Joern Ploennigs (M’06) received the Dipl.-Ing. in electrical engineering for automation and control and the Ph.D. degree (with a thesis about control network performance engineering) from the Dresden University of Technology, Dresden, Germany, in 2001 and 2007, respectively. Since 2002, he has been a Research Assistant at the Chair for Technical Information Systems, working in the area of network performance engineering, fault analysis, and component-based design for building automation networks and wireless sensor networks.

Mario Neugebauer (M’07) received the diploma and doctoral degree in electrical engineering and computer science from the TU Dresden, Dresden, Germany, in 2002 and 2007, respectively.

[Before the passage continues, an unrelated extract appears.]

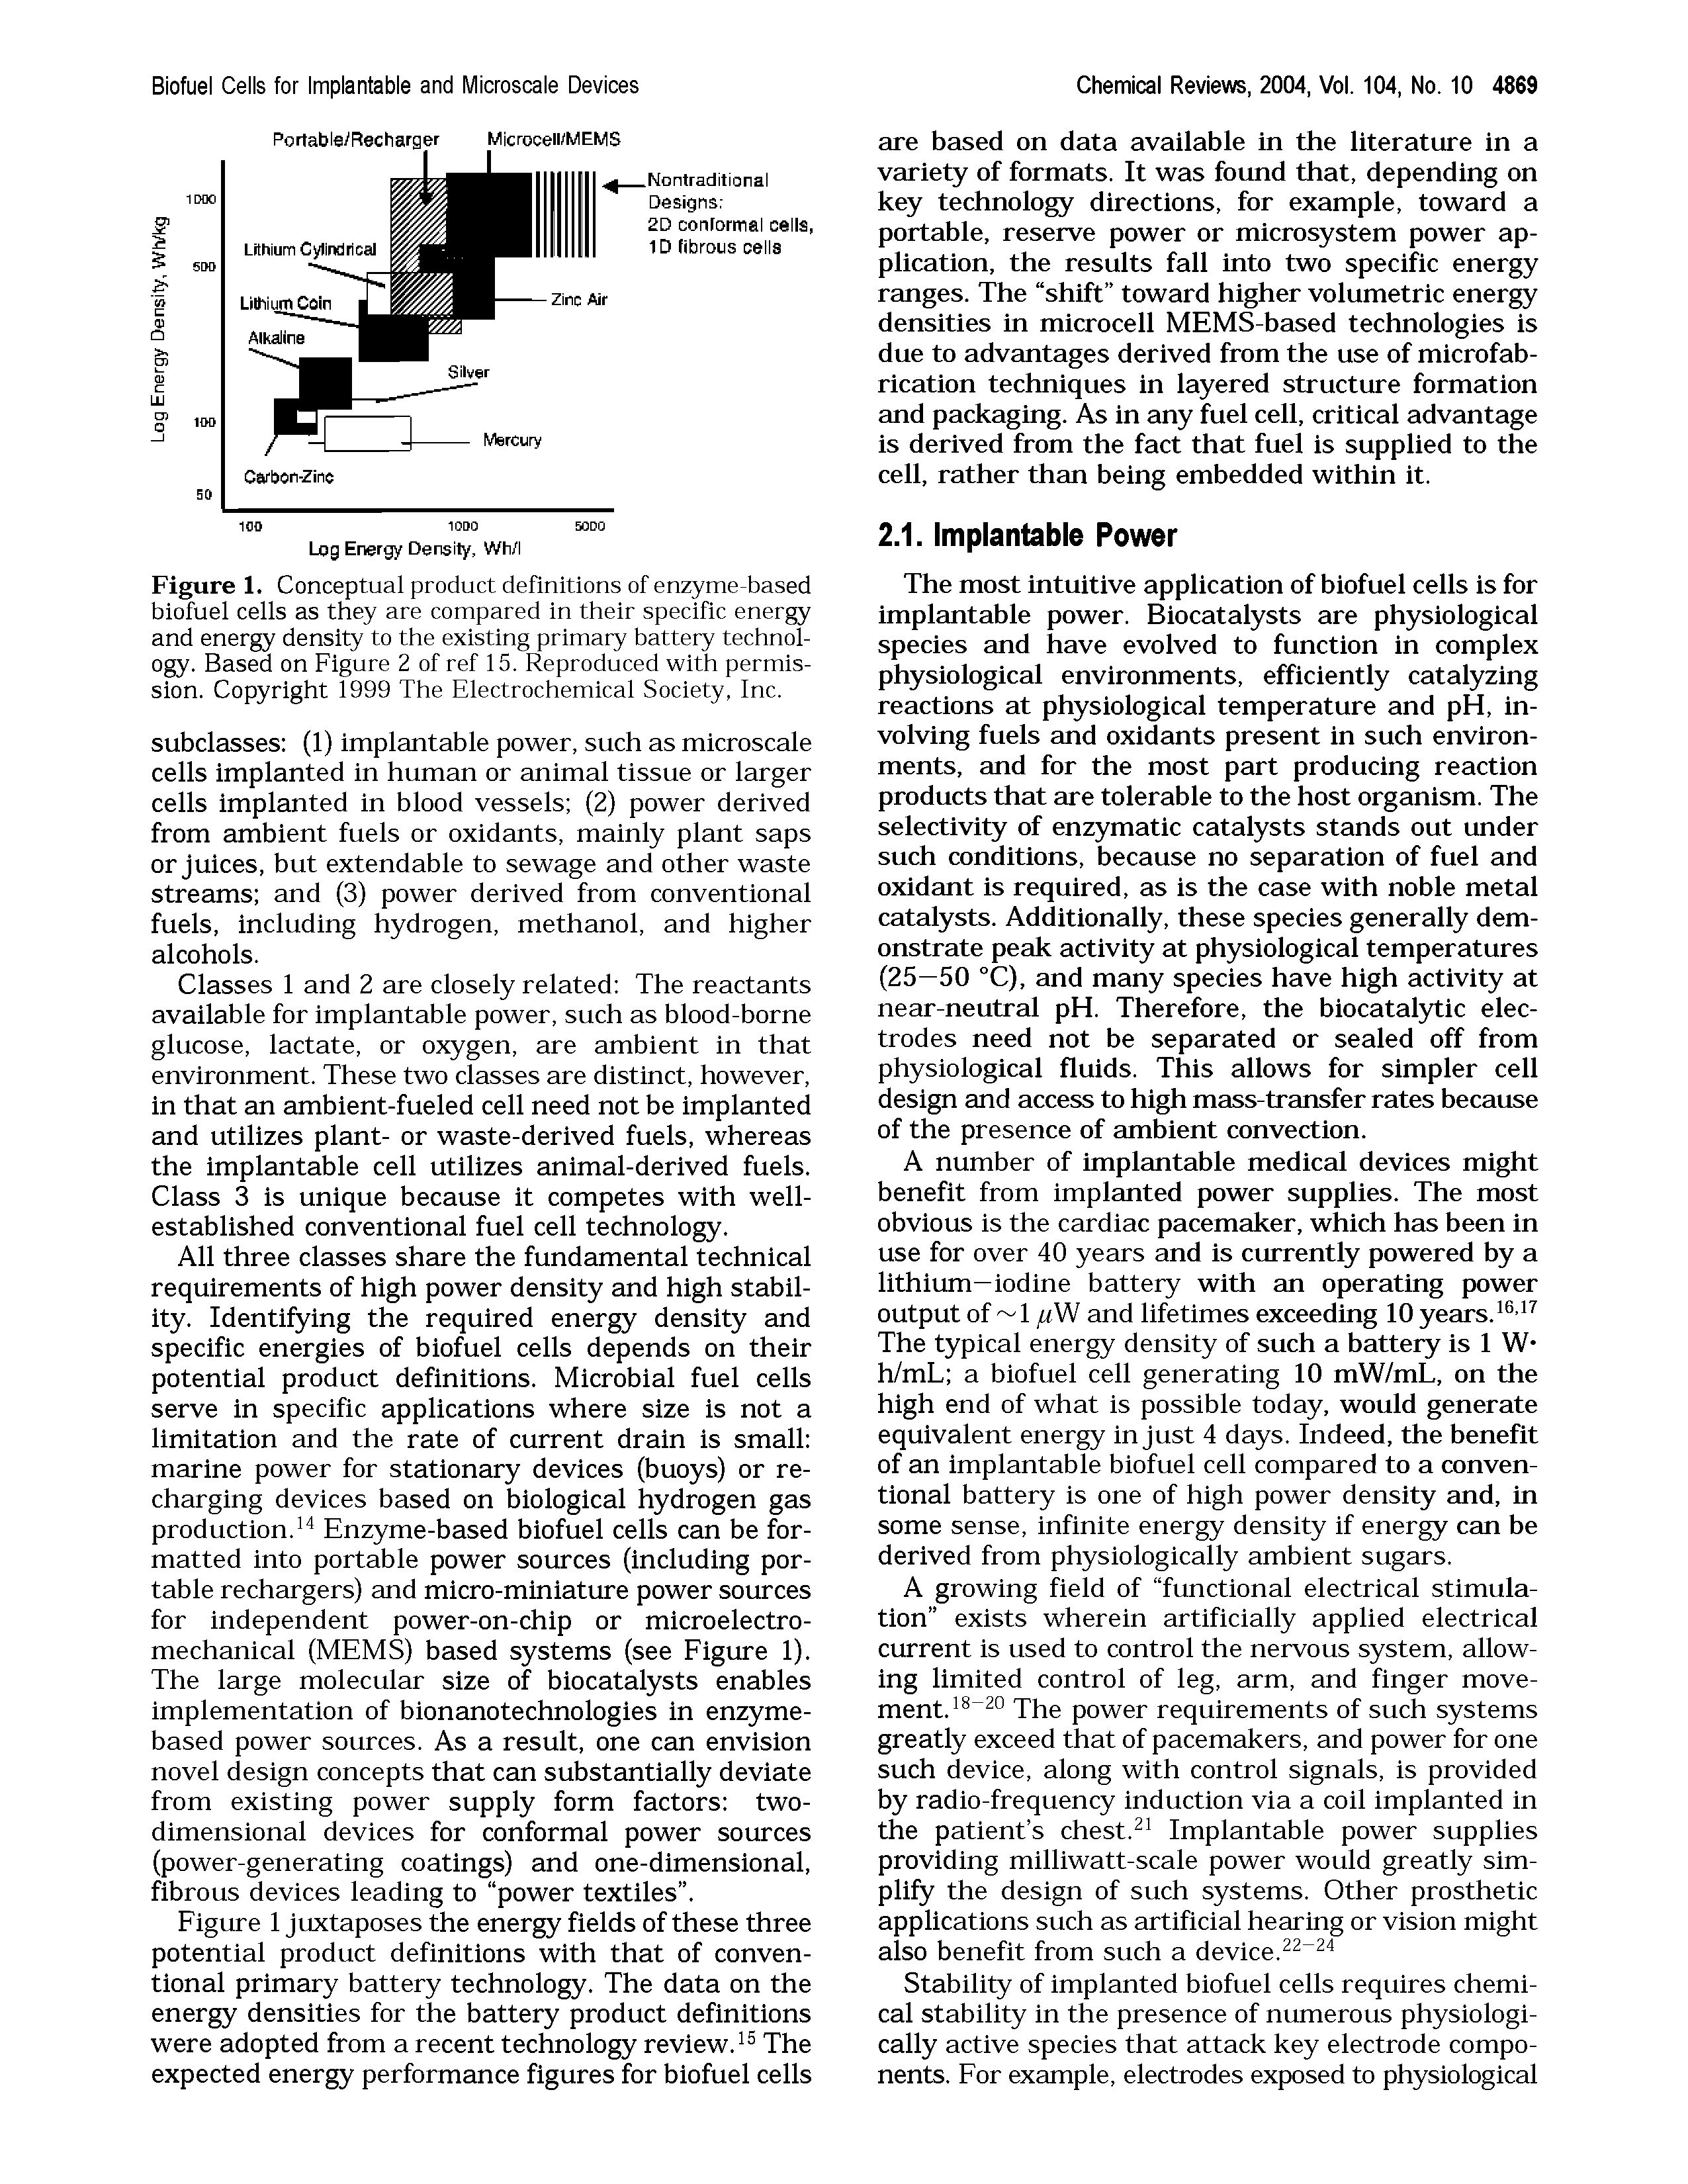 Figure 1. Conceptual product definitions of enzyme-based biofuel cells as they are compared in their specific energy and energy density to the existing primary battery technology. Based on Figure 2 of ref 15. Reproduced with permission. Copyright 1999 The Electrochemical Society, Inc.

From 2002 to 2006, he was with the Chair for Technical Information Systems working on performance evaluation of control networks, wireless sensor networks, and embedded systems. From 2004 to 2007, he was working for the SAP Research CEC Dresden, focusing on product lifecycle management and manufacturing. In 2008, he cofounded the start-up ubigrate, focusing on smart device integration in manufacturing and other various application domains.

Klaus Kabitzsch (M’05) received the Diploma and the Ph.D. degree in electrical engineering and communications technology from the Ilmenau University of Technology in 1982. He became a Professor and Head of the Department of Technical Computer Sciences, Dresden University of Technology, Dresden, Germany, in 1993. His current projects focus on wireless networks and their application in the automation domain, component-based software design, performance engineering, and design for networked building automation. He is member or chair of various national and international organizations and founded in Dresden the fieldbus competence center in 1995 and the SAP ubiquitous computing laboratory in 2004.